Namun bagaimana respon Ustadz Ba’asyir atas fitnah tersebut? Ia justru, tak mau menanggapinya dengan serius, “Saya pikun belum, tetapi muqaddimahnya sudah,” seloroh ustadz Ba’asyir disambut tawa para pembesuk di LP Pasir Putih, Nusakambangan, Cilacap, Jawa Tengah, Kamis (18/9/2014).
Ustadz Ba’asyir menambahkan, “Kalau itu saya akui sajalah, nama-nama ikhwan saja saya suka lupa,” ujarnya dengan tawadhu’, seolah tak mempedulikan hujatan tersebut.
Bahkan, Ustadz Ba’asyir pun meminta maaf dengan tulus jika selama ini dirinya dianggap bersalah, sehingga muncul tudingan seperti disampaikan di atas.
“Kalau saya salah, saya terang-terangan minta maaf. Ndak perlu malu bagi saya,” ucapnya.
Namun, Ustadz Abu Husna yang duduk persis di samping Ustadz Ba’asyir sepertinya tak tega mendengar ulama sepuh itu diperlakukan buruk dengan umpatan-umpatan tak beradab.
“Di sini saya juru bicaranya Ustadz Abu, sekarang saya tanya di antara antum, adakah diantara antum yang shalat malamnya mulai jam 1 malam sampai shubuh? Adakah diantara antum yang puasa sunnahnya, puasa Dawud sampai sekarang? Adakah diantara antum yang baca Al-Qur’annya berjuz-juz setiap hari?

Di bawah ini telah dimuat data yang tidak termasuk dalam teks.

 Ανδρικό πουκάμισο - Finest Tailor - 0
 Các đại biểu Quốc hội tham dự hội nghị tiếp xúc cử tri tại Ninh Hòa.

Adakah diantara antum yang sampai saat ini masih menulis buku?” tegas Ustadz Abu Husna, hingga membuat rombingan para pembesuk terdiam seribu bahasa.
Ustadz Abu Husna seolah ingin memberikan pelajaran bagi mereka yang tak bisa menjaga lisan, hingga berani mengumpat seorang ulama seperi Ustadz Abu Bakar Ba’asyir.

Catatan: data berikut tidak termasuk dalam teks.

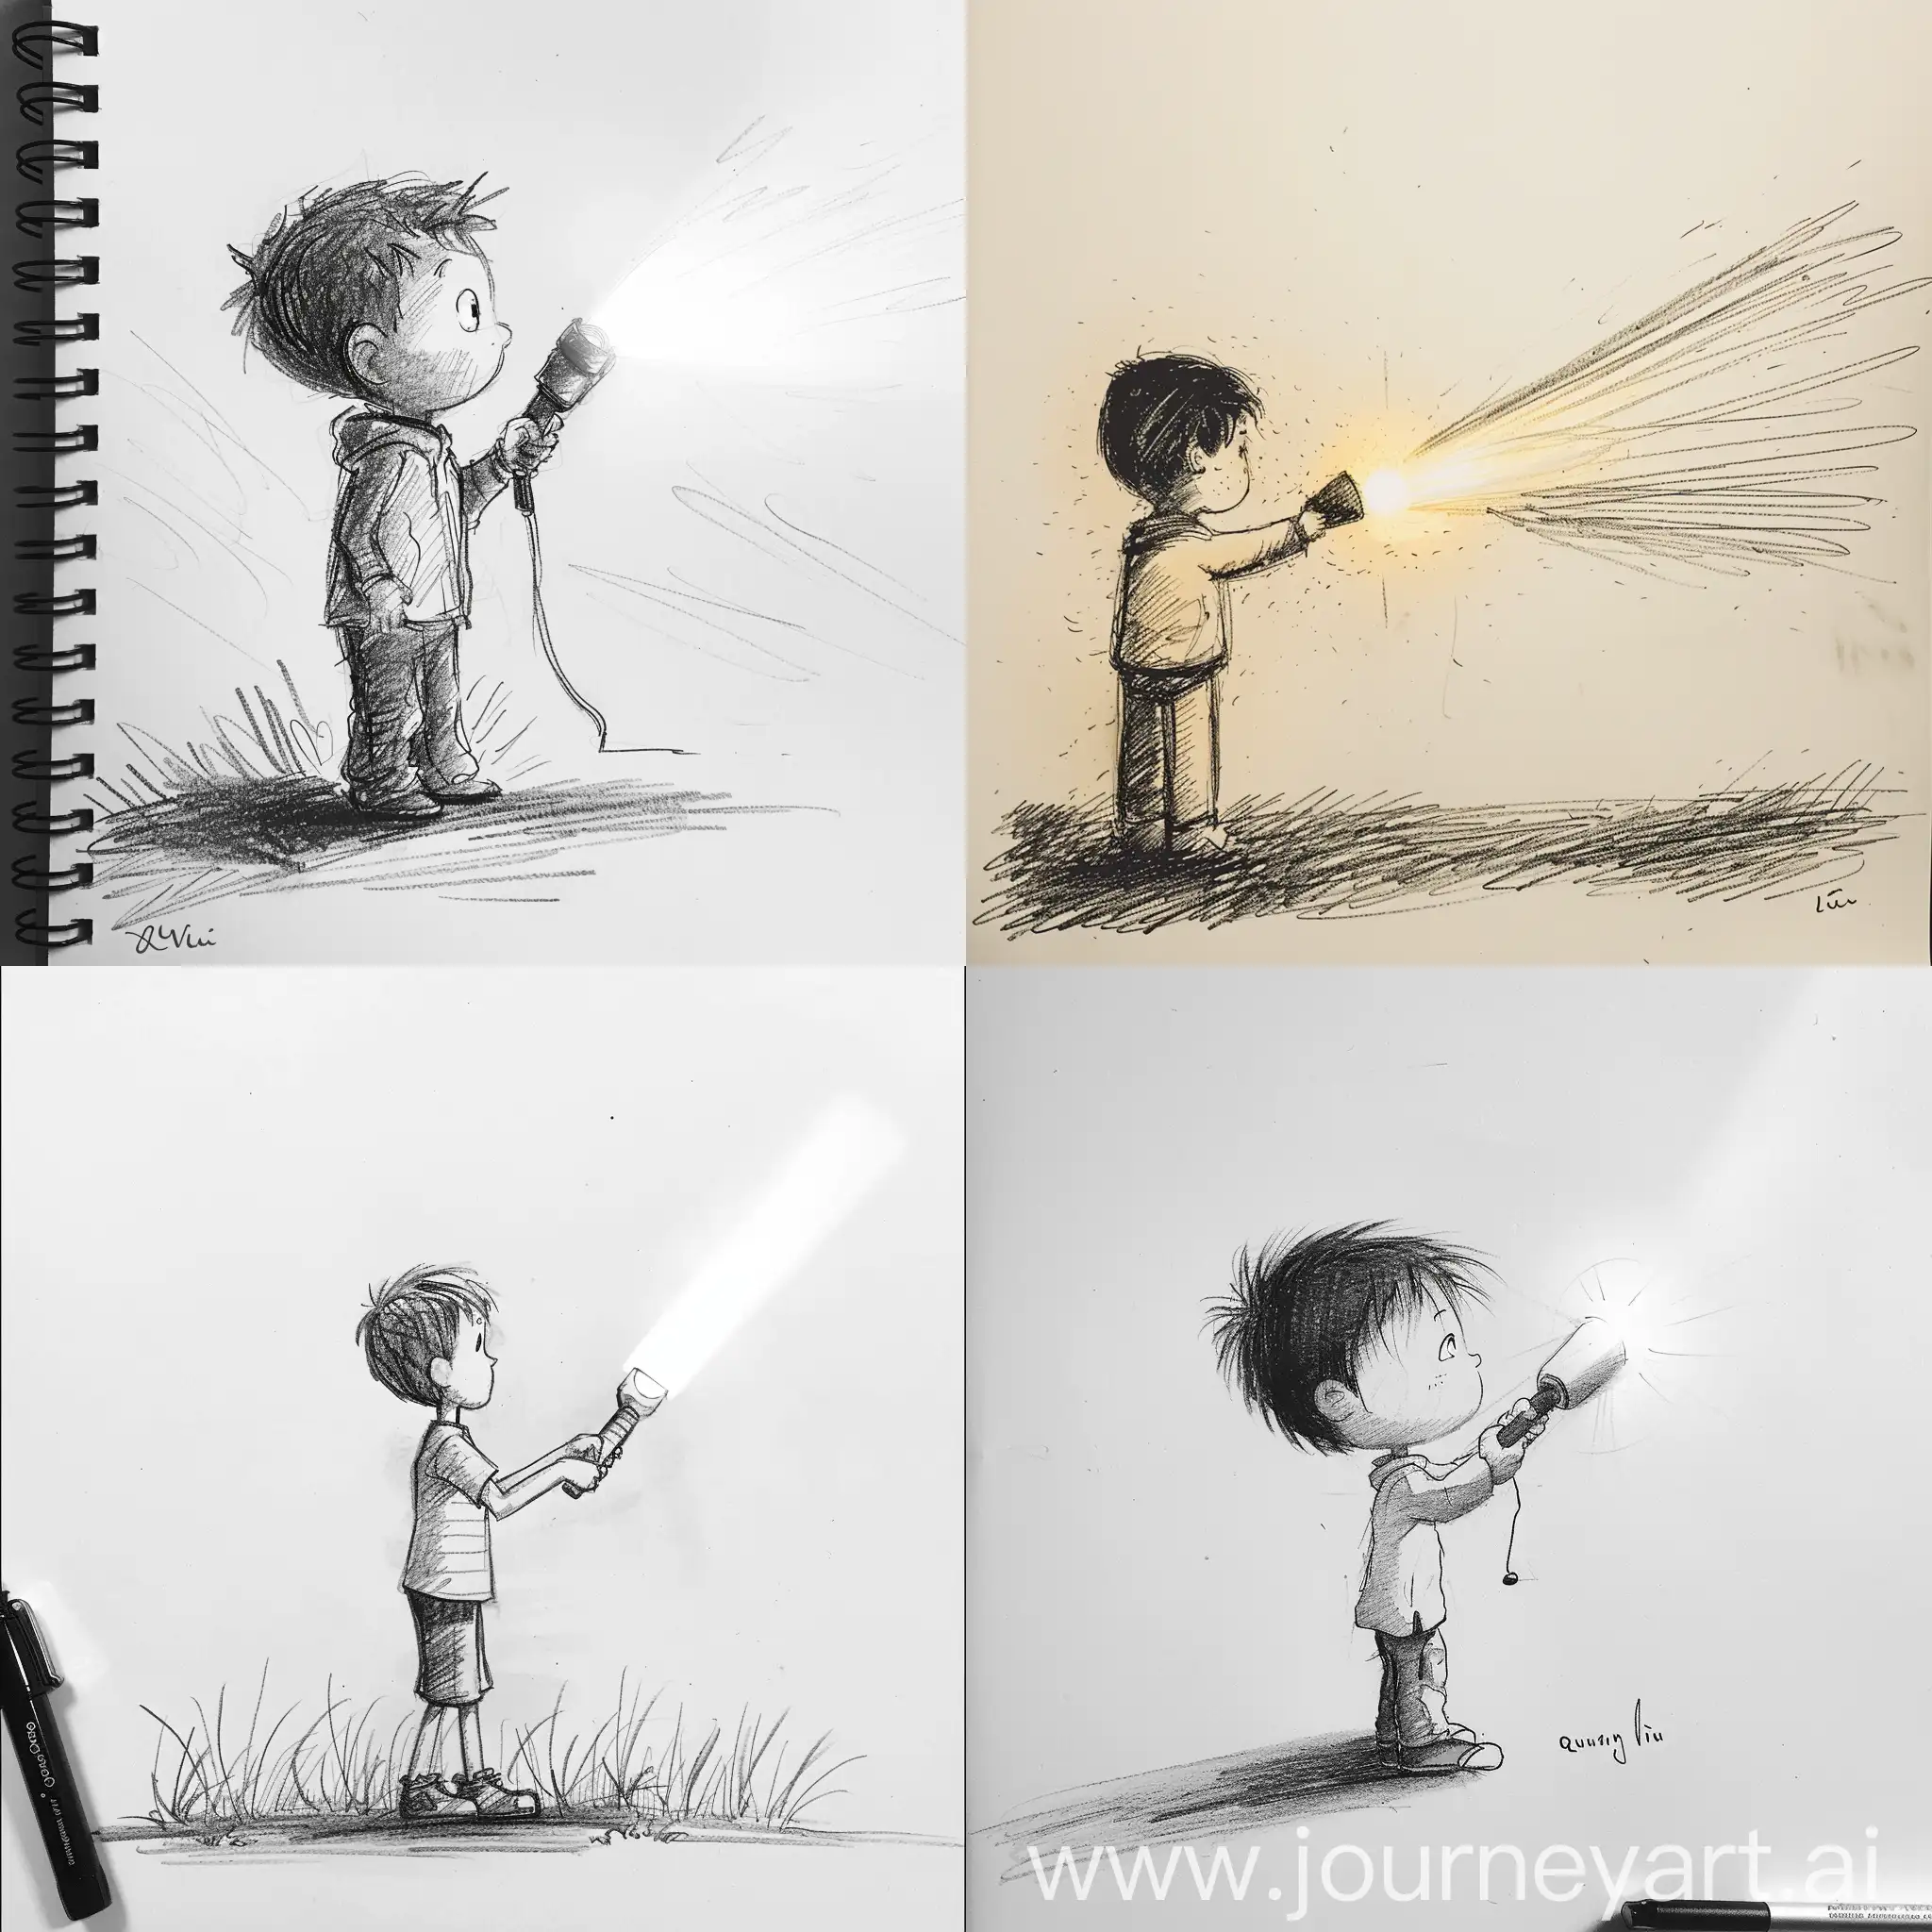 Drawing of a boy holding a flashlight shining at Quan Vu

“Kalau lupa, semua manusia tempatnya lupa Ustadz,” imbuh Ustadz Abu Husna.
Mendengar apa yang disampaikan itu, Ustadz Abu Bakar Ba’asyir meminta permasalahan itu tak perlu dibahas panjang lebar. “Sudahlah itu tidak usah dibahas,” tuturnya.

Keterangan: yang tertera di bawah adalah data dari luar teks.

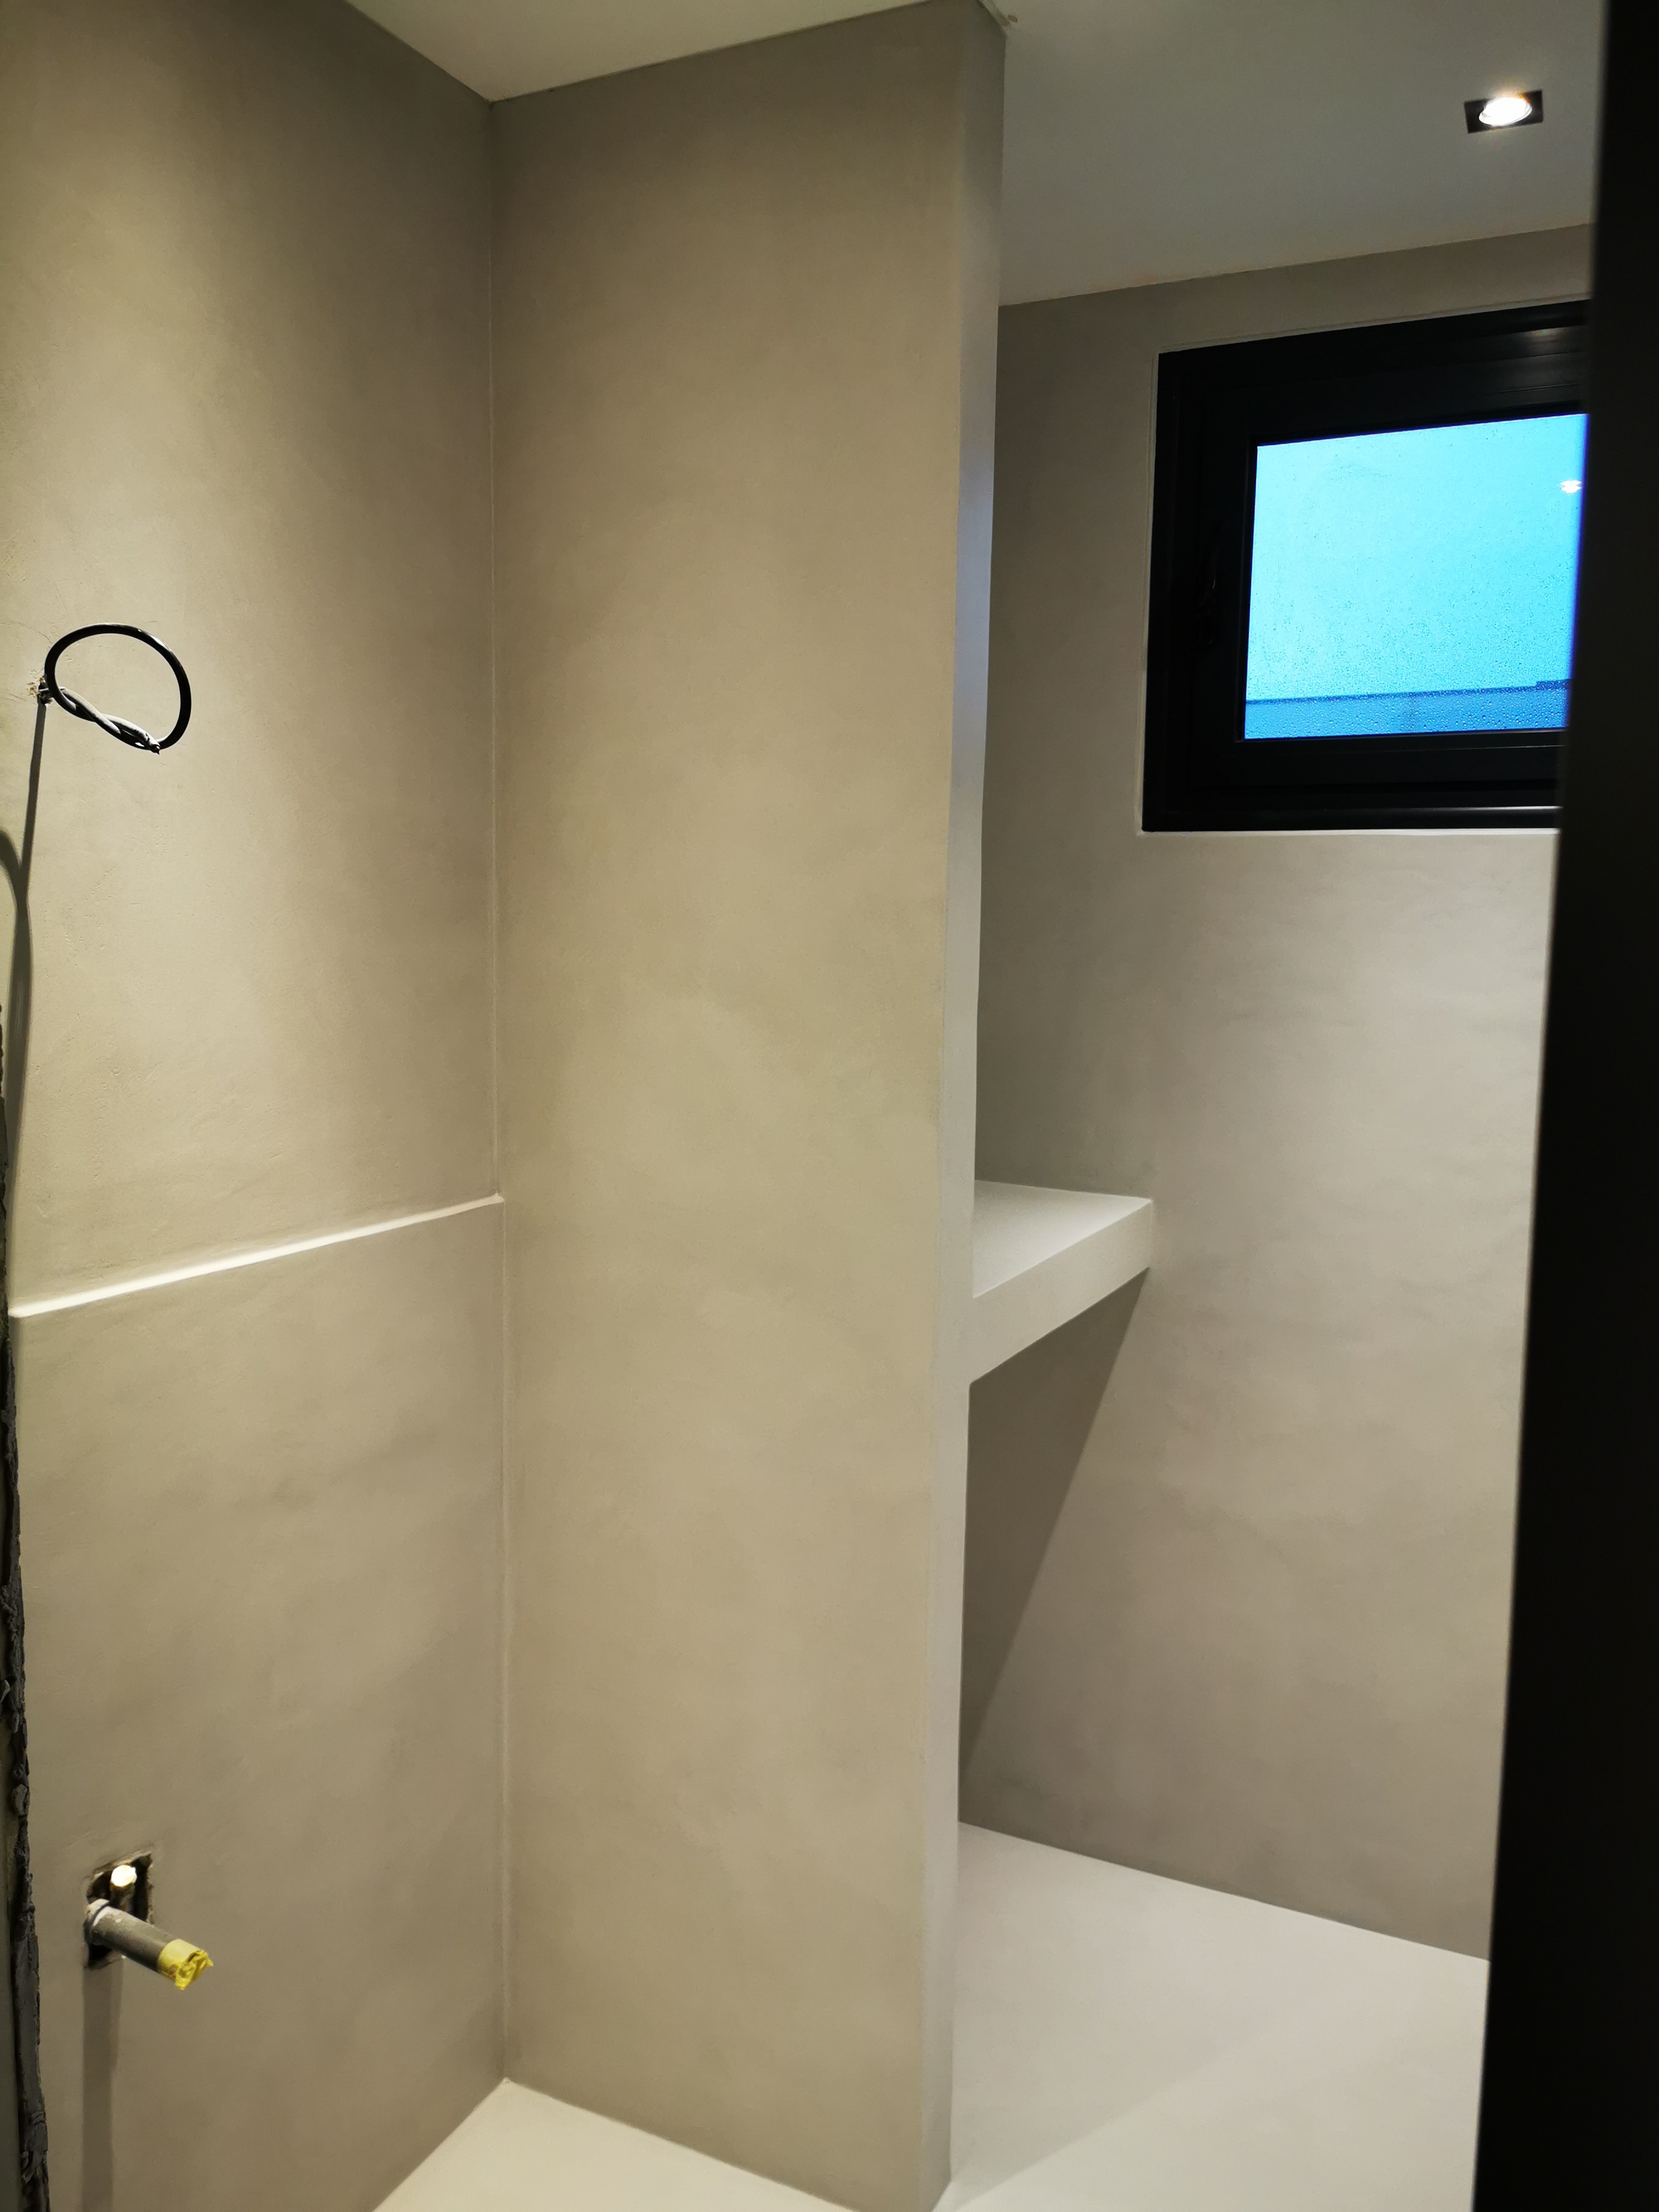 élégante rénovation d'une salle de bain en béton ciré vernis mat couleur gris cendré à Bordeaux en Aquitaine pour un particulier

Memang sudah sepatutnya para aktivis Islam tetap menjaga adab terhadap para ulama meskipun dalam hal berbeda pendapat. Jangan sampai datang cacian, umpatan yang tidak sepantasnya, ditujukan kepada para ulama, karena daging ulama itu beracun, sebagaimana disampaikan Ibnu Asakir dalam kitab Tabyin Kadzibi Al-Muftari, hal. 49:
واعْلَمْ يا أخِي وفَّقَنَا اللهُ وإيَّاكَ لِمَرْضَاتِهِ وجَعَلَنَا ممَّنْ يَخْشَاهُ ويَتَّقِيْهِ حَقَّ تُقَاتِهِ : أنَّ لُحُوْمَ العُلَمَاءِ رَحْمَةُ اللهِ عَلَيْهِم مَسْمُوْمَةٌ، وعَادَةَ اللهِ في هَتْكِ أسْتَارِ مُنَتَقِصِيْهِم مَعْلُوْمَةٌ؛ لأنَّ الوَقِيْعَةَ فِيْهِم بِمَا هُمْ مِنْهُ بَرَاءٌ أمْرٌ عَظِيْمٌ، والتَّنَاوُلَ لأعْرَاضِهِم بالزُّوْرِ والافْتِرَاءِ مَرْتَعٌ وَخِيمٌ، والاخْتِلاقَ على مَنِ اخْتَارَ اللهُ مِنْهُم لِنَعْشِ العِلْمِ خُلُقٌ ذَمِيْمٌ
“Ketahuilah wahai saudaraku -semoga Allah memberikan taufiqNya kepada kami dan juga kepada engkau menuju keridhoanNya serta menjadikan kita termasuk dari kalangan orang-orang yang takut dan bertakwa kepadaNya dengan ketakwaan yang sesungguhnya- bahwasanya daging para ulama -semoga Allah merahmati mereka- adalah beracun. Dan kebiasaan bagi Allah untuk merobek tirai para pencela mereka telah diketahui, karena mencela para ulama dengan perkara-perkara yang mereka sendiri berlepas diri merupakan perkara yang besar, dan mencela kehormatan mereka dengan kebohongan dan penipuan adalah lahan yang buruk, serta berdusta atas para ulama yang telah dipilih oleh Allah untuk menegakkan ilmu merupakan akhlak yang tercela.” [AW]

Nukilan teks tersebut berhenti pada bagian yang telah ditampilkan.